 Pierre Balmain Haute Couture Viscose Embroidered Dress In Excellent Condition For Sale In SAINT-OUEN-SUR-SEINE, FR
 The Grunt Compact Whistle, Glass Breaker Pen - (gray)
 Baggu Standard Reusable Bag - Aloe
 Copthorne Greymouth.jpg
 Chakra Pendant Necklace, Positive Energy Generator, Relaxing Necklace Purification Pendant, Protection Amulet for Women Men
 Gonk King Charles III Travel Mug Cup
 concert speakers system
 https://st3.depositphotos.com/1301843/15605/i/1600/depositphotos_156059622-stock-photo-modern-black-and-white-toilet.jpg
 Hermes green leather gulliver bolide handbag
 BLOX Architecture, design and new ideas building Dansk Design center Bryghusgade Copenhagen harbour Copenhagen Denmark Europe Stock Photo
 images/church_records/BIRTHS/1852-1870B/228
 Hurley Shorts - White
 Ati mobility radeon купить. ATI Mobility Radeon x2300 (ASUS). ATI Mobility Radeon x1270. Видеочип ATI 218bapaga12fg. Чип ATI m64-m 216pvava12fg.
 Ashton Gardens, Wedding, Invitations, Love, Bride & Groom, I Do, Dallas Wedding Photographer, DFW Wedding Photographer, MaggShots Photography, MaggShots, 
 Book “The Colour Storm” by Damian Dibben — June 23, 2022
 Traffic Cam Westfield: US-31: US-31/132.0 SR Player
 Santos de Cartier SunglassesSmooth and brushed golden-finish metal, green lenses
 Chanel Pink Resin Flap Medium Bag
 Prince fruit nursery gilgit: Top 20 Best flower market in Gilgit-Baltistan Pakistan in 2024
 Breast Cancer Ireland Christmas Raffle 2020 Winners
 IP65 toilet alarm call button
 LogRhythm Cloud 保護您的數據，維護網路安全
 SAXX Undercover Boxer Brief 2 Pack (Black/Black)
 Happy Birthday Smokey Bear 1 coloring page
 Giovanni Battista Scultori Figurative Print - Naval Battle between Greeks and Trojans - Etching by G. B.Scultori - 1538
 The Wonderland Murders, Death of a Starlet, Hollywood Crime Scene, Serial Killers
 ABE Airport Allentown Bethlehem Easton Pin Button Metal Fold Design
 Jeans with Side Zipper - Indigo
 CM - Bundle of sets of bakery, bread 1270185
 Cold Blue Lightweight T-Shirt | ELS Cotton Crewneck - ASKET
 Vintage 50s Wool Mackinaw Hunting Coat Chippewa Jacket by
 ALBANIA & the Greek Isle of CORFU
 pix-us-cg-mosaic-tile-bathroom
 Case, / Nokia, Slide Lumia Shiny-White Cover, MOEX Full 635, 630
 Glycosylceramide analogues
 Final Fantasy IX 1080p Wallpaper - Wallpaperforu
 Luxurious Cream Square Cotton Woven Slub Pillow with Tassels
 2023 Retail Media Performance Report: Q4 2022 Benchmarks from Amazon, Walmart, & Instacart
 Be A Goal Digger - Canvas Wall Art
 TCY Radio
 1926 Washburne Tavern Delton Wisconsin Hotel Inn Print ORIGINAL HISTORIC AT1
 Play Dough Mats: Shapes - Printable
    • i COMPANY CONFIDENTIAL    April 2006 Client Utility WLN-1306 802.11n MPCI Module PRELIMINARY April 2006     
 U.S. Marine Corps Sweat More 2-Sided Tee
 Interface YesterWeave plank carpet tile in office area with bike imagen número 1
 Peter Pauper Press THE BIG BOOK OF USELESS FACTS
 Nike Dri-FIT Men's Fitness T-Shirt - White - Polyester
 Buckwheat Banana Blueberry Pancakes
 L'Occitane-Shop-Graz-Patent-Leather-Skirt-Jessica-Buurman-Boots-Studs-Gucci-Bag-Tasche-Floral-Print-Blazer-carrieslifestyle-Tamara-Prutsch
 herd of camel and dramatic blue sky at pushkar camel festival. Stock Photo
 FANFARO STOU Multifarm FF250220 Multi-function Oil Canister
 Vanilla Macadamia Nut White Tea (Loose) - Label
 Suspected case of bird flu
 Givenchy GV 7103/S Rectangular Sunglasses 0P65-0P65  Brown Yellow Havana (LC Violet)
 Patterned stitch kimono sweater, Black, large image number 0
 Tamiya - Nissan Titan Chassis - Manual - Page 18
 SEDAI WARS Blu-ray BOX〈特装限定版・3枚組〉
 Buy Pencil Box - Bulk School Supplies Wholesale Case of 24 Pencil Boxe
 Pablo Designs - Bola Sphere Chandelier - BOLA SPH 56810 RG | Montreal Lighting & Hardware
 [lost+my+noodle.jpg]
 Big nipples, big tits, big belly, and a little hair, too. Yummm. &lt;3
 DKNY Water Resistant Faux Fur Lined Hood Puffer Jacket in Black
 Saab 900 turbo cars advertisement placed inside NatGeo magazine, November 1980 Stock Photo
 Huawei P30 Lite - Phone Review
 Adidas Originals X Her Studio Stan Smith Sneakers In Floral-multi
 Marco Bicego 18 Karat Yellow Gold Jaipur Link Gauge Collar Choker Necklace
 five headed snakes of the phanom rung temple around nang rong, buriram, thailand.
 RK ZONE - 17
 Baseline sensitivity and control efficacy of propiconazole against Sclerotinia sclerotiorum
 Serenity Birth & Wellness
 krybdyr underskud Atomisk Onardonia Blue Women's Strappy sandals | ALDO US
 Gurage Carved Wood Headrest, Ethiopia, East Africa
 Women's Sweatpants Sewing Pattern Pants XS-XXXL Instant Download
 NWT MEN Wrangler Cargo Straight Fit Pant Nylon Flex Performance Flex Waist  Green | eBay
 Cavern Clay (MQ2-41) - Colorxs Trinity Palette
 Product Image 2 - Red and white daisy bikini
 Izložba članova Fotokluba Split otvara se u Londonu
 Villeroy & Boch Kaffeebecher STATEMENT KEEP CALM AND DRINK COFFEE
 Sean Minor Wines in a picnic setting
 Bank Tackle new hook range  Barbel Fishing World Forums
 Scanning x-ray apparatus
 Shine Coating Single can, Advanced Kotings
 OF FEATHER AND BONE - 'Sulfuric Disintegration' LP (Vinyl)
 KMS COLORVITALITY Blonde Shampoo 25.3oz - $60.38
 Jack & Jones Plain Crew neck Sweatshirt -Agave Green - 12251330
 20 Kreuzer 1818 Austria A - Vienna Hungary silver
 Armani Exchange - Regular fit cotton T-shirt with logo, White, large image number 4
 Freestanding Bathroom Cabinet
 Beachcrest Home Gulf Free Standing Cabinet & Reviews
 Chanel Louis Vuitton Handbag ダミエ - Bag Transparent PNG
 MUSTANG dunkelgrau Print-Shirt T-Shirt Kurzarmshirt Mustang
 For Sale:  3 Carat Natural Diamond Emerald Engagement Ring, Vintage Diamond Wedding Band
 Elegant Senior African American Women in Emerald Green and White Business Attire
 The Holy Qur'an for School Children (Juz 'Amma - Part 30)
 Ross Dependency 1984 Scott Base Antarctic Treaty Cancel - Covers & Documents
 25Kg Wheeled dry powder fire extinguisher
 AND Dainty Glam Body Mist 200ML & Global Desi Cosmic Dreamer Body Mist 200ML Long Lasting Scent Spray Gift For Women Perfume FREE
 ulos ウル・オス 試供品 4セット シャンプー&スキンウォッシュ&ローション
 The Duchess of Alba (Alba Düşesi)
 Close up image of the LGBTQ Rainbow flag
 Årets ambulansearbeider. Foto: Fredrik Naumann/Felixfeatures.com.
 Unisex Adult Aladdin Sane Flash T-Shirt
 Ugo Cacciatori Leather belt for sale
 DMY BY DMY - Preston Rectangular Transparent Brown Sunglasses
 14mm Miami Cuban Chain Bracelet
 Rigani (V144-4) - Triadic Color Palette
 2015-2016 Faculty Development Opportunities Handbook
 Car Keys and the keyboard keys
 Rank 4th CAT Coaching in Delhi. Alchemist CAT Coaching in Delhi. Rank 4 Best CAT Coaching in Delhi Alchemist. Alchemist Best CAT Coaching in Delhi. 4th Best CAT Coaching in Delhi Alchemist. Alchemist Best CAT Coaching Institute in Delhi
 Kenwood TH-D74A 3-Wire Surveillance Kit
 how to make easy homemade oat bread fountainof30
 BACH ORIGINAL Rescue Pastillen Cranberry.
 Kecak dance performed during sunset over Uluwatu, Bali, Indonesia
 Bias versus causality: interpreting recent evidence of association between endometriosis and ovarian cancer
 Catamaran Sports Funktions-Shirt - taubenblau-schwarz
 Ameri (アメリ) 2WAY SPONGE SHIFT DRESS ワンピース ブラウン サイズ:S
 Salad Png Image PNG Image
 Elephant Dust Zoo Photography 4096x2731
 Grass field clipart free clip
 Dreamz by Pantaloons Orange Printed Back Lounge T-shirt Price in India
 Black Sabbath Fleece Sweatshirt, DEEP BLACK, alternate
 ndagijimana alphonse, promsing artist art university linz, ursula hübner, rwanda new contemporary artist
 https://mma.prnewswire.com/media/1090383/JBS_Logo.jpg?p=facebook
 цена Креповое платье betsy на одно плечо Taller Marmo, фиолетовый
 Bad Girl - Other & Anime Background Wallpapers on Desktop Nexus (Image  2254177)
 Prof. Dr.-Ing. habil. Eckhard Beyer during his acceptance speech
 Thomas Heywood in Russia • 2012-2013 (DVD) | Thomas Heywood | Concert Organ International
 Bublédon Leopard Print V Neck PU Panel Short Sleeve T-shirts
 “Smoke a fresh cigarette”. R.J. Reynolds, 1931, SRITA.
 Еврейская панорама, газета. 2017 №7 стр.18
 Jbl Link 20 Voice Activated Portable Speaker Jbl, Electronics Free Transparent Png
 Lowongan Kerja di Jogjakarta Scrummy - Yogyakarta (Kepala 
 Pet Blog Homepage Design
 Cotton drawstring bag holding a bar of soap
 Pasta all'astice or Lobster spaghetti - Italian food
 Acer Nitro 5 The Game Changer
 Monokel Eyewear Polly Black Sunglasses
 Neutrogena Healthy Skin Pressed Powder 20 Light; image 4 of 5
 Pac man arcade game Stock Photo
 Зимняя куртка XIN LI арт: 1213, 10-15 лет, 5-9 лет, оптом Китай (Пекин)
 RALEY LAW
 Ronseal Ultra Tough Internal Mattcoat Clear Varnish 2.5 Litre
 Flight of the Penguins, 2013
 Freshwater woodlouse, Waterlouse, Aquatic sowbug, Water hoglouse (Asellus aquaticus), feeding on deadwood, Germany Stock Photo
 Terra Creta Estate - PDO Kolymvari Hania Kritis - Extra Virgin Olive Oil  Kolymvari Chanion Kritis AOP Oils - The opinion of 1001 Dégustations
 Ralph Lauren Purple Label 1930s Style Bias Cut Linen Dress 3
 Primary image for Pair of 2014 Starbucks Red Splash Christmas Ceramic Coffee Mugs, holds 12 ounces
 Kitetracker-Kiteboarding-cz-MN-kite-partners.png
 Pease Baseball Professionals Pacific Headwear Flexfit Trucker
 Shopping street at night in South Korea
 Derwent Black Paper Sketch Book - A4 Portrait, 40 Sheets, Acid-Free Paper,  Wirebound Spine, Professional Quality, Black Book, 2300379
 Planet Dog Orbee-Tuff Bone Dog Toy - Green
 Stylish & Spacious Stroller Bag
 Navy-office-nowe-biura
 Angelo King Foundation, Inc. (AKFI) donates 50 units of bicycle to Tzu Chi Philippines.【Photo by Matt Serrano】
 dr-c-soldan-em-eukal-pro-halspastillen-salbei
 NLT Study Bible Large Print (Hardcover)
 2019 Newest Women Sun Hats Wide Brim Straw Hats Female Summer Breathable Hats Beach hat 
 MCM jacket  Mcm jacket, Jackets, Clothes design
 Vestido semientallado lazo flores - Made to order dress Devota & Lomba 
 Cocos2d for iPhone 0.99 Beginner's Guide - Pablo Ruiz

======

» Instructions to follow
Reproduce the material above exactly, beginning at its first line and ending with the line that holds "Final Fantasy IX". Include nothing else.

» The answer
 Pierre Balmain Haute Couture Viscose Embroidered Dress In Excellent Condition For Sale In SAINT-OUEN-SUR-SEINE, FR
 The Grunt Compact Whistle, Glass Breaker Pen - (gray)
 Baggu Standard Reusable Bag - Aloe
 Copthorne Greymouth.jpg
 Chakra Pendant Necklace, Positive Energy Generator, Relaxing Necklace Purification Pendant, Protection Amulet for Women Men
 Gonk King Charles III Travel Mug Cup
 concert speakers system
 https://st3.depositphotos.com/1301843/15605/i/1600/depositphotos_156059622-stock-photo-modern-black-and-white-toilet.jpg
 Hermes green leather gulliver bolide handbag
 BLOX Architecture, design and new ideas building Dansk Design center Bryghusgade Copenhagen harbour Copenhagen Denmark Europe Stock Photo
 images/church_records/BIRTHS/1852-1870B/228
 Hurley Shorts - White
 Ati mobility radeon купить. ATI Mobility Radeon x2300 (ASUS). ATI Mobility Radeon x1270. Видеочип ATI 218bapaga12fg. Чип ATI m64-m 216pvava12fg.
 Ashton Gardens, Wedding, Invitations, Love, Bride & Groom, I Do, Dallas Wedding Photographer, DFW Wedding Photographer, MaggShots Photography, MaggShots, 
 Book “The Colour Storm” by Damian Dibben — June 23, 2022
 Traffic Cam Westfield: US-31: US-31/132.0 SR Player
 Santos de Cartier SunglassesSmooth and brushed golden-finish metal, green lenses
 Chanel Pink Resin Flap Medium Bag
 Prince fruit nursery gilgit: Top 20 Best flower market in Gilgit-Baltistan Pakistan in 2024
 Breast Cancer Ireland Christmas Raffle 2020 Winners
 IP65 toilet alarm call button
 LogRhythm Cloud 保護您的數據，維護網路安全
 SAXX Undercover Boxer Brief 2 Pack (Black/Black)
 Happy Birthday Smokey Bear 1 coloring page
 Giovanni Battista Scultori Figurative Print - Naval Battle between Greeks and Trojans - Etching by G. B.Scultori - 1538
 The Wonderland Murders, Death of a Starlet, Hollywood Crime Scene, Serial Killers
 ABE Airport Allentown Bethlehem Easton Pin Button Metal Fold Design
 Jeans with Side Zipper - Indigo
 CM - Bundle of sets of bakery, bread 1270185
 Cold Blue Lightweight T-Shirt | ELS Cotton Crewneck - ASKET
 Vintage 50s Wool Mackinaw Hunting Coat Chippewa Jacket by
 ALBANIA & the Greek Isle of CORFU
 pix-us-cg-mosaic-tile-bathroom
 Case, / Nokia, Slide Lumia Shiny-White Cover, MOEX Full 635, 630
 Glycosylceramide analogues
 Final Fantasy IX 1080p Wallpaper - Wallpaperforu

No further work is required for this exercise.